§ **WORK REQUEST**:
Nothing in the records may be altered, and no picture may be included. Restate them in full.

◇ ◇ ◇ ◇

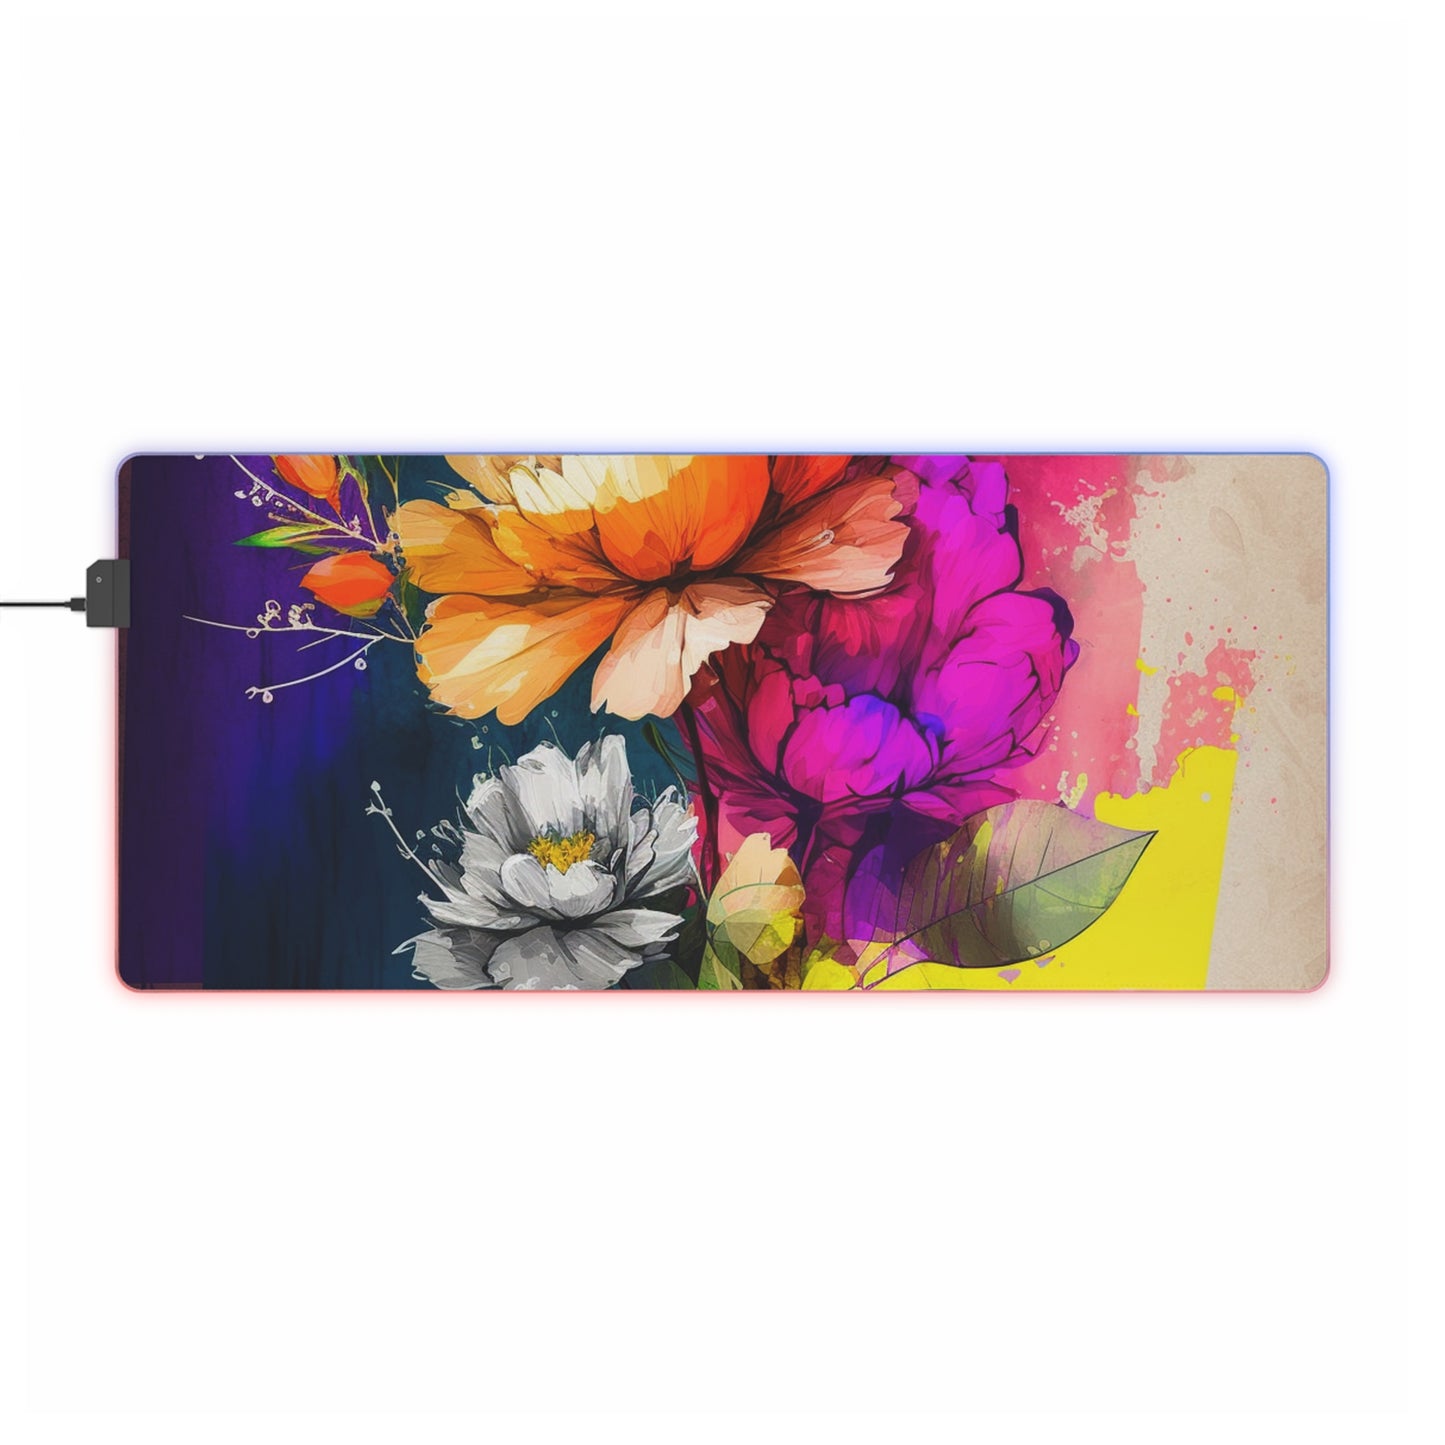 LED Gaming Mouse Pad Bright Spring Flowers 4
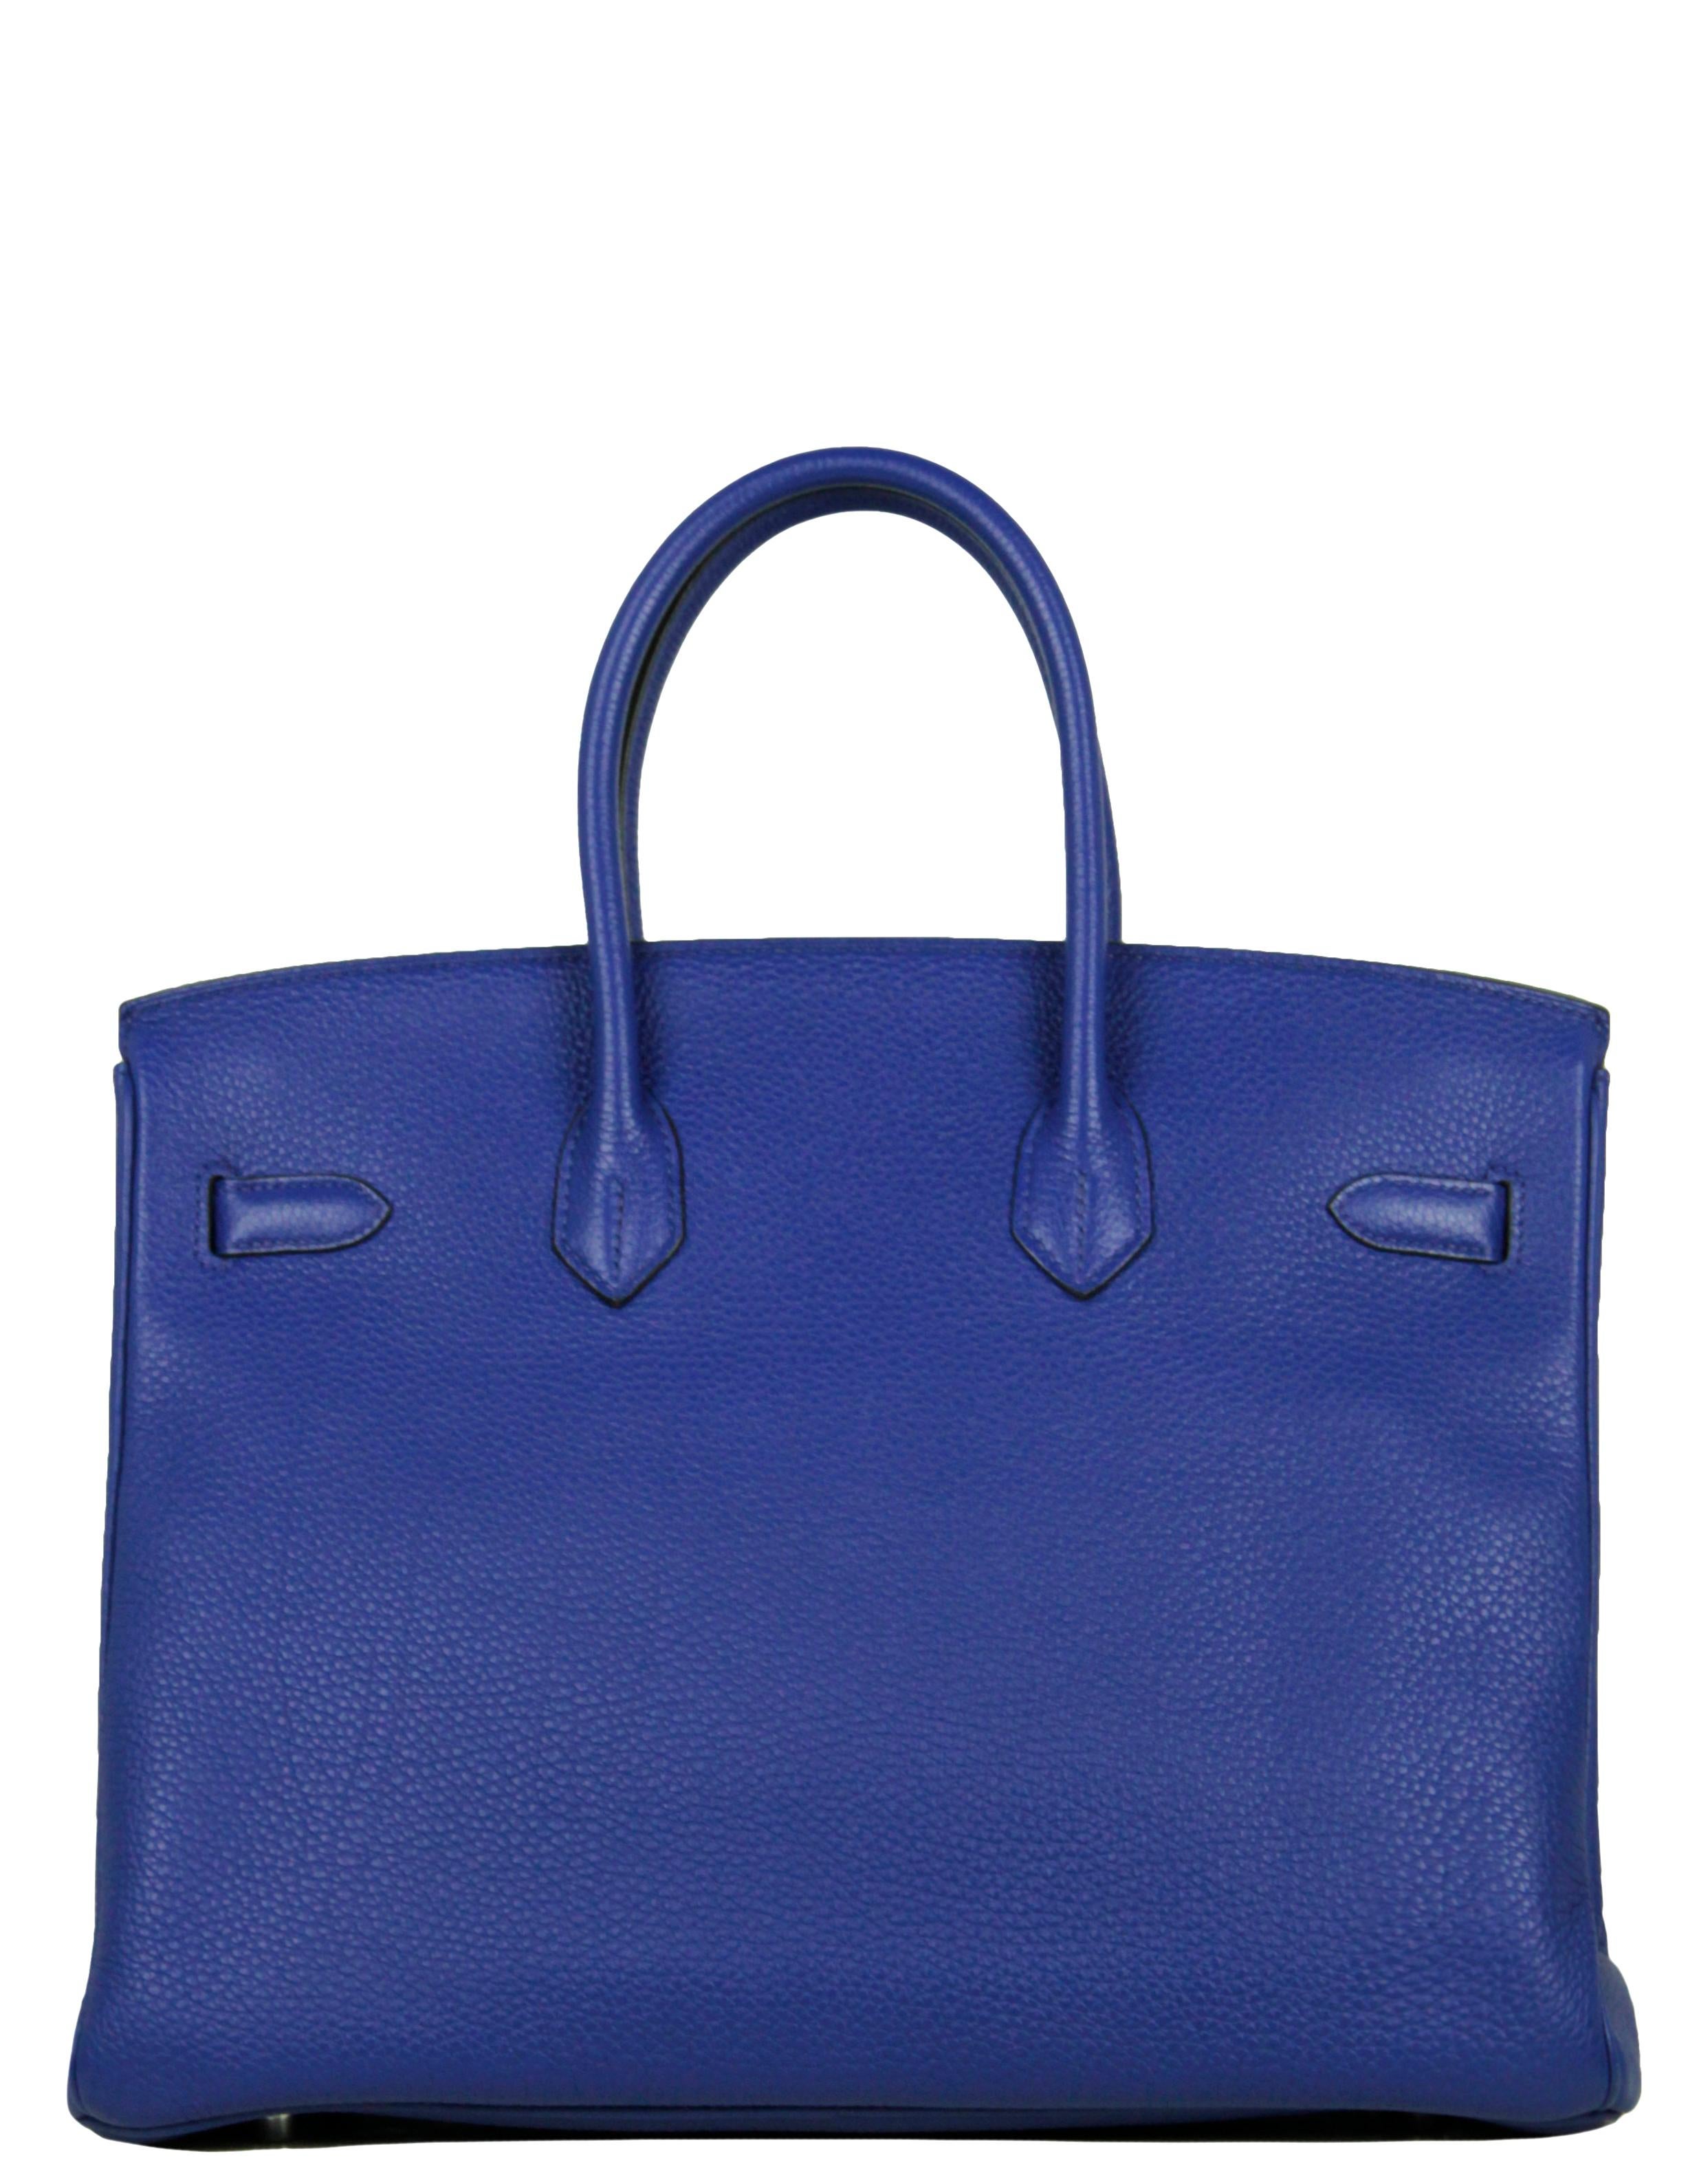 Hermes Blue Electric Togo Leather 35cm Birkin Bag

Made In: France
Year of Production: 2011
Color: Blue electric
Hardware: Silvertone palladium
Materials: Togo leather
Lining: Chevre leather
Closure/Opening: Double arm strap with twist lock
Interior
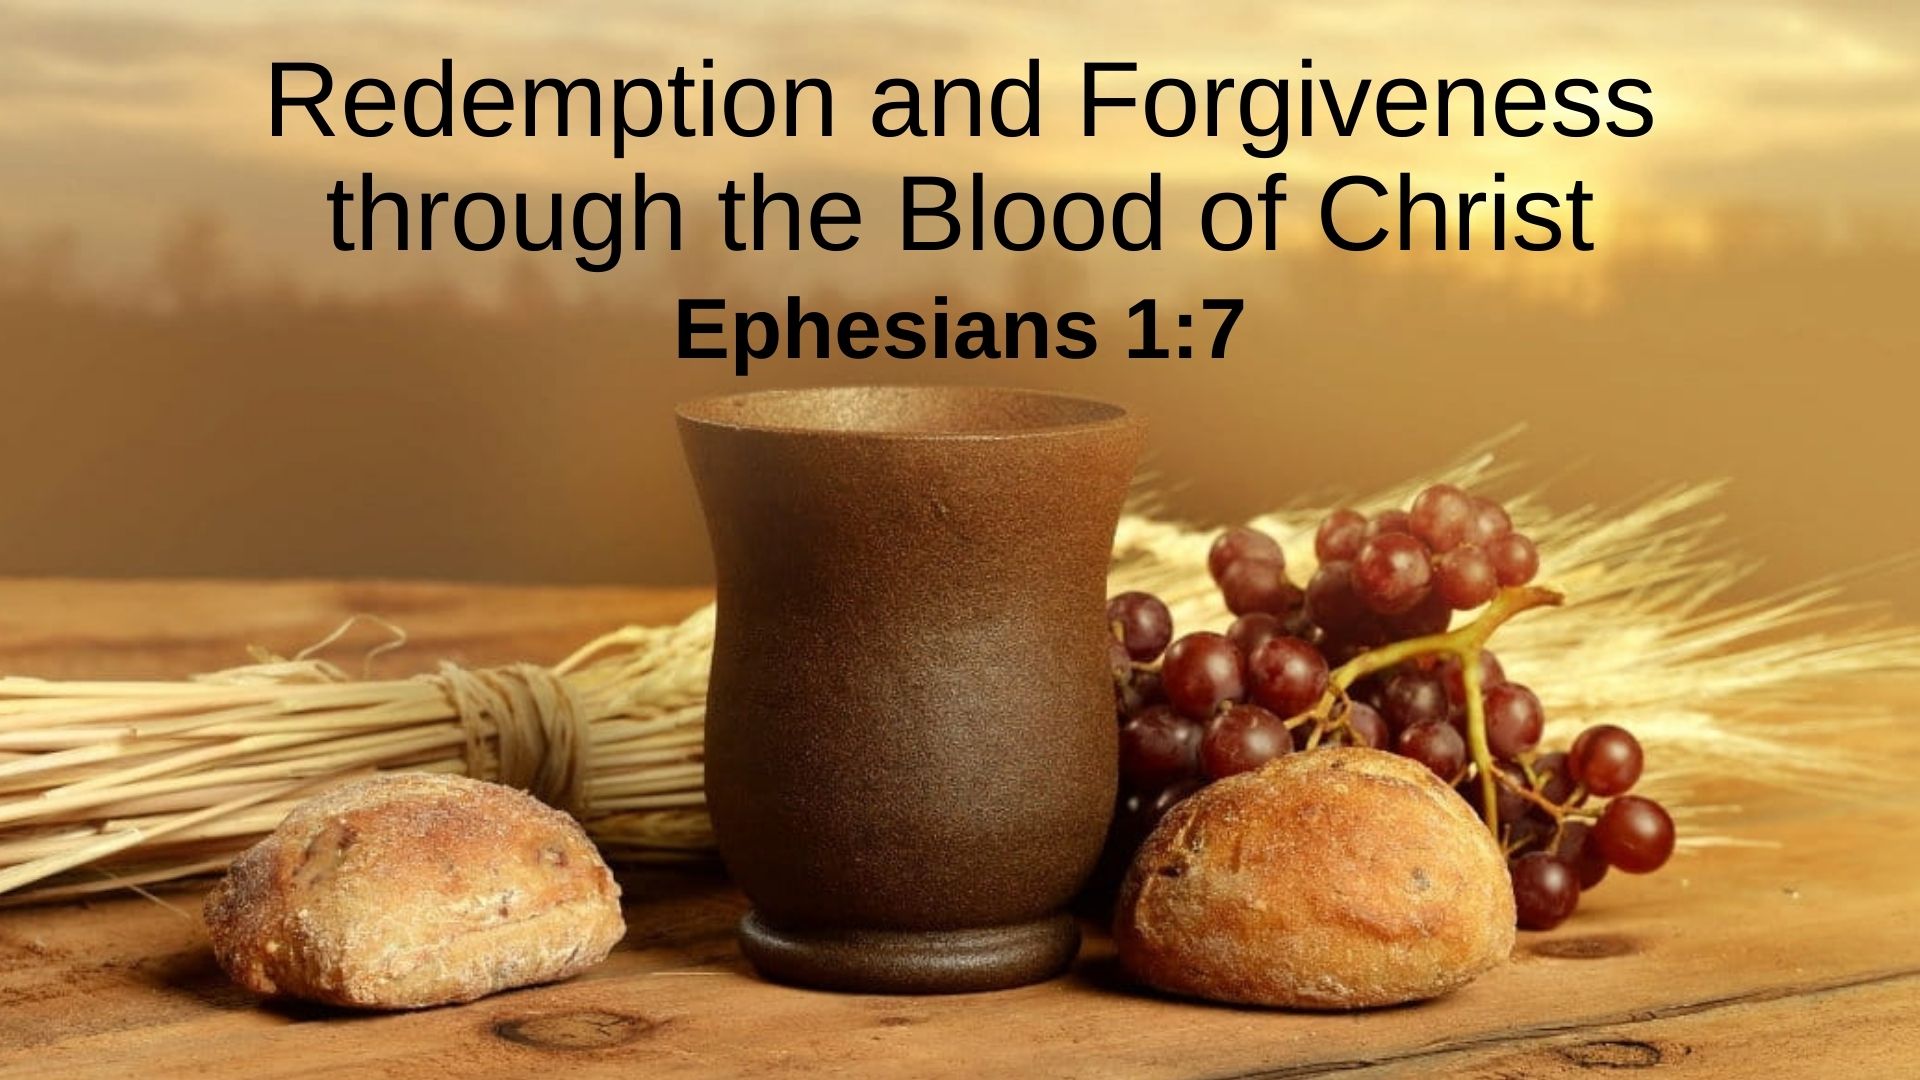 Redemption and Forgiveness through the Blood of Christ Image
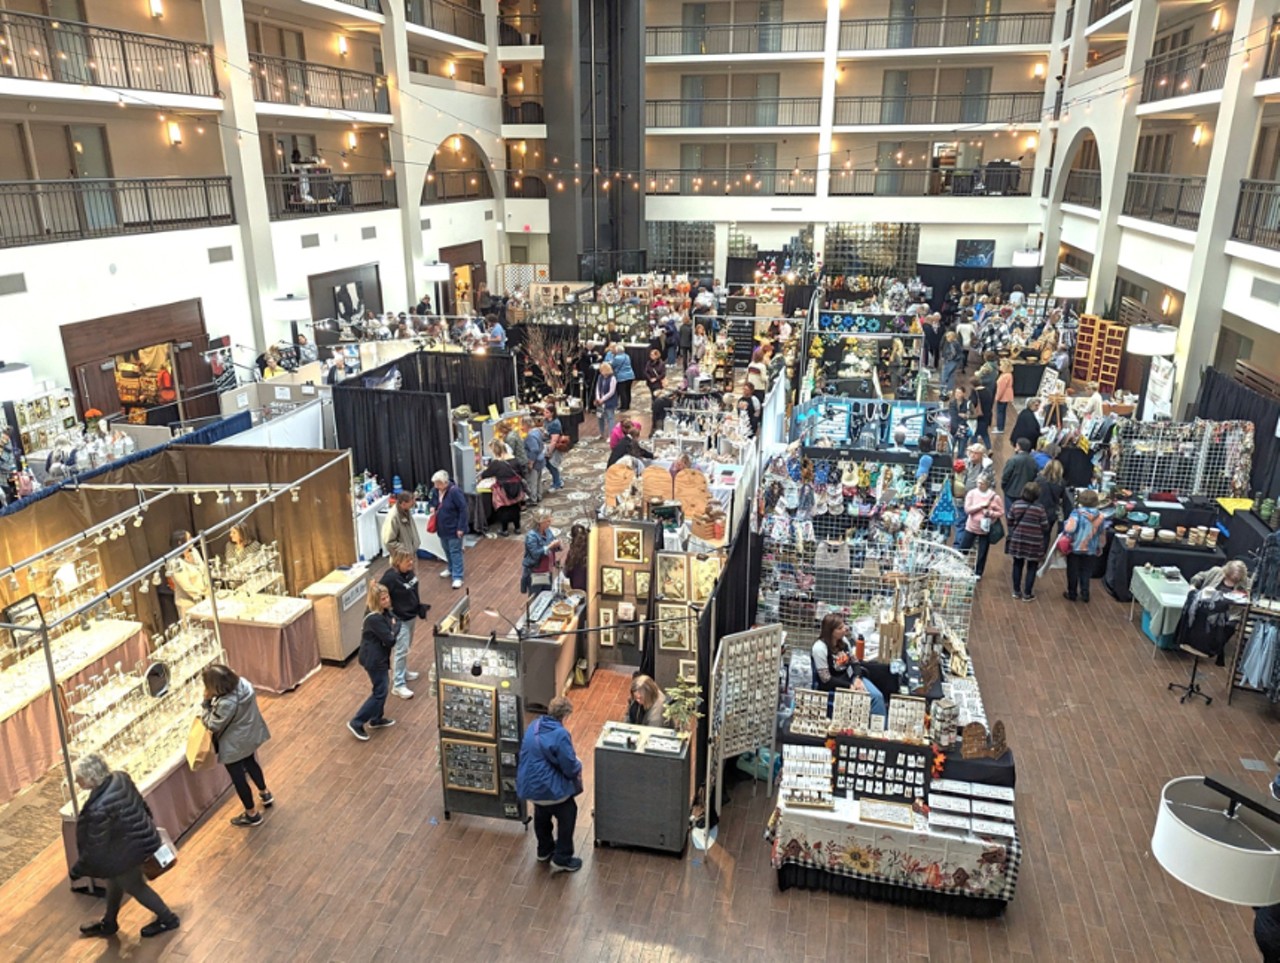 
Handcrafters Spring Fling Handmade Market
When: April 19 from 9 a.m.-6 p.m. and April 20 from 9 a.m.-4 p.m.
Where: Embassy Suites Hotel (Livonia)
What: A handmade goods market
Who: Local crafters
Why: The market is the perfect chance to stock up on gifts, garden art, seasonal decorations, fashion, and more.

◇ ◇ ◇ ◇

§ **FINAL ANSWER**:
 LED Gaming Mouse Pad Bright Spring Flowers 4
 Hermes Blue Electric Togo Leather 35cm Birkin Bag

Made In: France
Year of Production: 2011
Color: Blue electric
Hardware: Silvertone palladium
Materials: Togo leather
Lining: Chevre leather
Closure/Opening: Double arm strap with twist lock
Interior
 Redemption and Forgiveness through the Blood of Christ Image
Handcrafters Spring Fling Handmade Market
When: April 19 from 9 a.m.-6 p.m. and April 20 from 9 a.m.-4 p.m.
Where: Embassy Suites Hotel (Livonia)
What: A handmade goods market
Who: Local crafters
Why: The market is the perfect chance to stock up on gifts, garden art, seasonal decorations, fashion, and more.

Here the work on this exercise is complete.